Opinion
NOT FOR PUBLICATION
Argued and Submitted at Pasadena, California: February 21, 2013
Appeal from the United States Bankruptcy Court for the Central District of California. Bk. No. 08-bk-17254-MT, Adv. No. 12-ap-01047-MT. Honorable Maureen A. Tighe, Bankruptcy Judge, Presiding.
For MITCHELL RUBIN, in his capacity as President of the Debtor and Debtor in Possession of Karykeion, Inc., a California corporation, Debtor on Behalf of Beneficial Equity Holder, Edward Rubin, M.D., Appellant: Fredric Jay Greenblatt, Esquire, Attorney, GREENBLATT & ASSOCIATES, Woodland Hills, CA.
For CHHP HOLDINGS II, LLC, Appellee: James K.T. Hunter, Esquire, Attorney, Mary D. Lane, Esquire, Samuel Maizel, PACHULSKI STANG ZIEHL & JONES LLP, Los Angeles, CA.
For CALIFORNIA DEPARTMENT OF PUBLIC HEALTH, Appellee: Gregory M. Cribbs, Deputy Assistant Attorney General, Los Angeles, CA.
For UNITED STATES OF AMERICA, on behalf of the Department of Health & Human Services, and its designated component, the Centers for Medicare and Medicaid, Appellee: Seth B. Shapiro, Esquire, U.S. Department of Justice, Commercial Litigation Branch - Civil Division, Washington, DC.
Before: MONTALI, [ MARKELL and TAYLOR, Bankruptcy Judges.
Hon.
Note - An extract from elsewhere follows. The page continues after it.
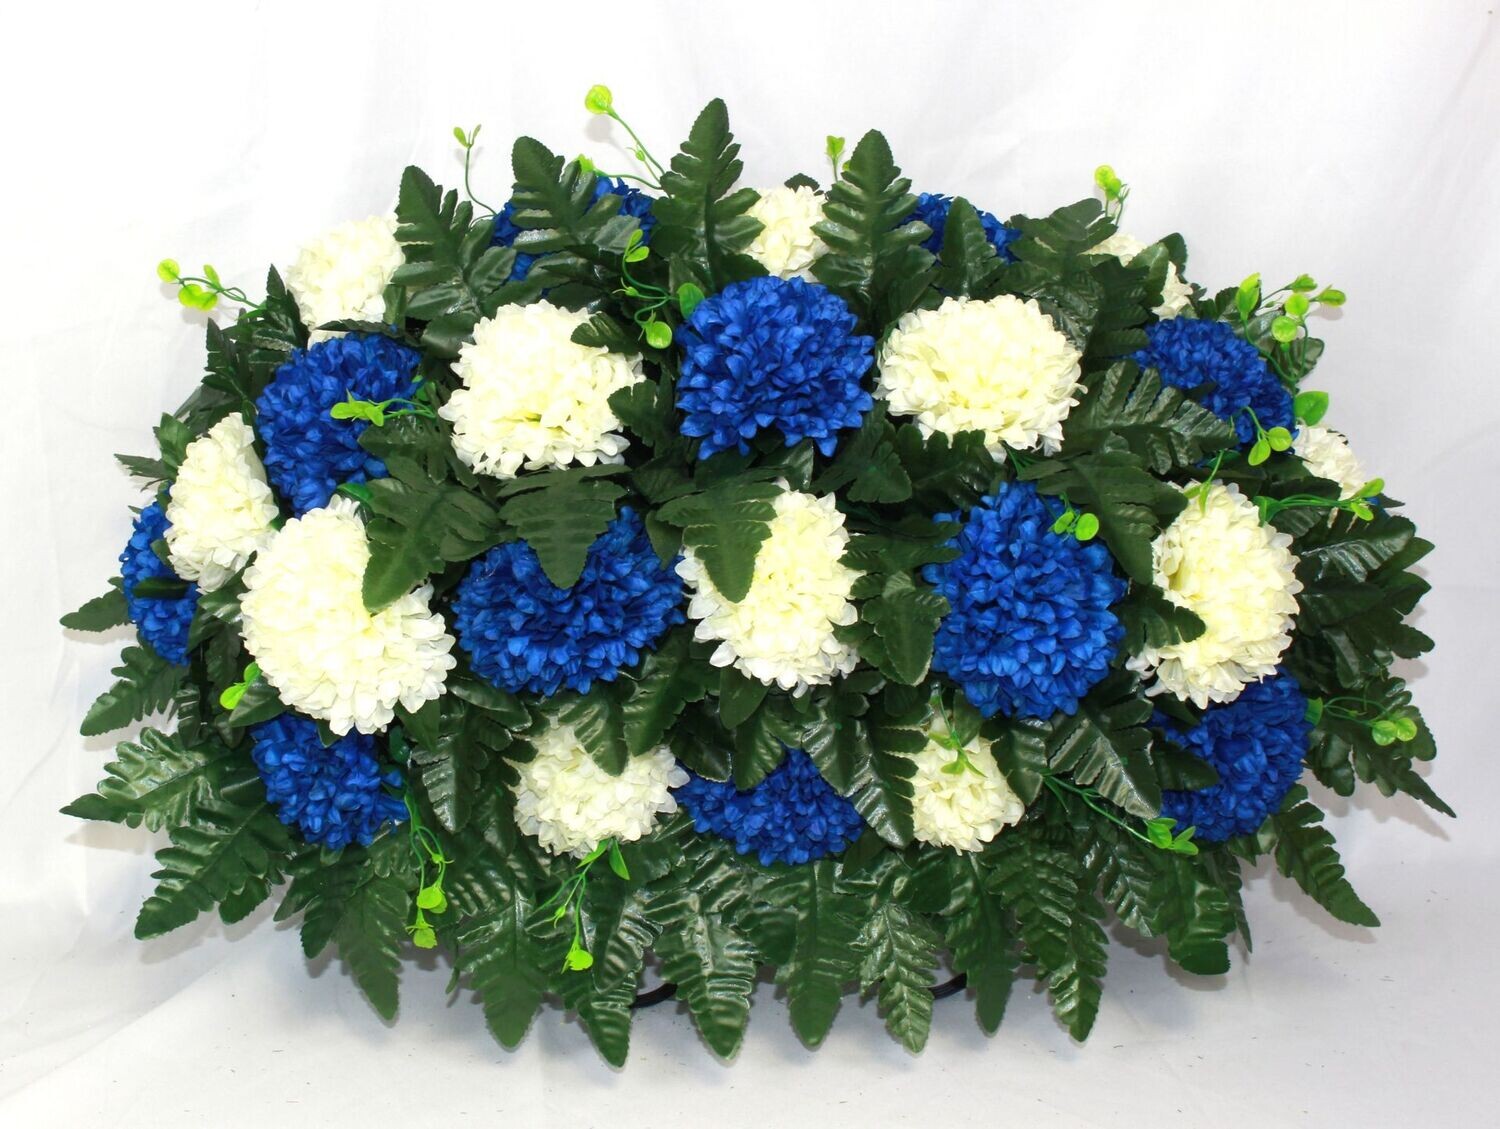 Crazyboutdeco Cemetery Flowers -XL Blue and Creme Carnation Cemetery  Arrangements - Artificial Flowers for Gravesite -Cemetery Headstone Saddle

Dennis Montali, Bankruptcy Judge for the Northern District of California, sitting by designation.
MEMORANDUM
A chapter 11 debtor sold a hospital pursuant to an asset purchase agreement approved by the bankruptcy court. The debtor's president thereafter sued the purchaser and others, alleging that the purchaser had assumed liability for the debtor's unpaid payroll taxes. The purchaser (joined by other defendants) moved to dismiss the complaint for failure to state a claim, arguing that it was not liable for these taxes under the unambiguous terms of the asset purchase agreement. The bankruptcy court agreed and dismissed the complaint with prejudice. We AFFIRM.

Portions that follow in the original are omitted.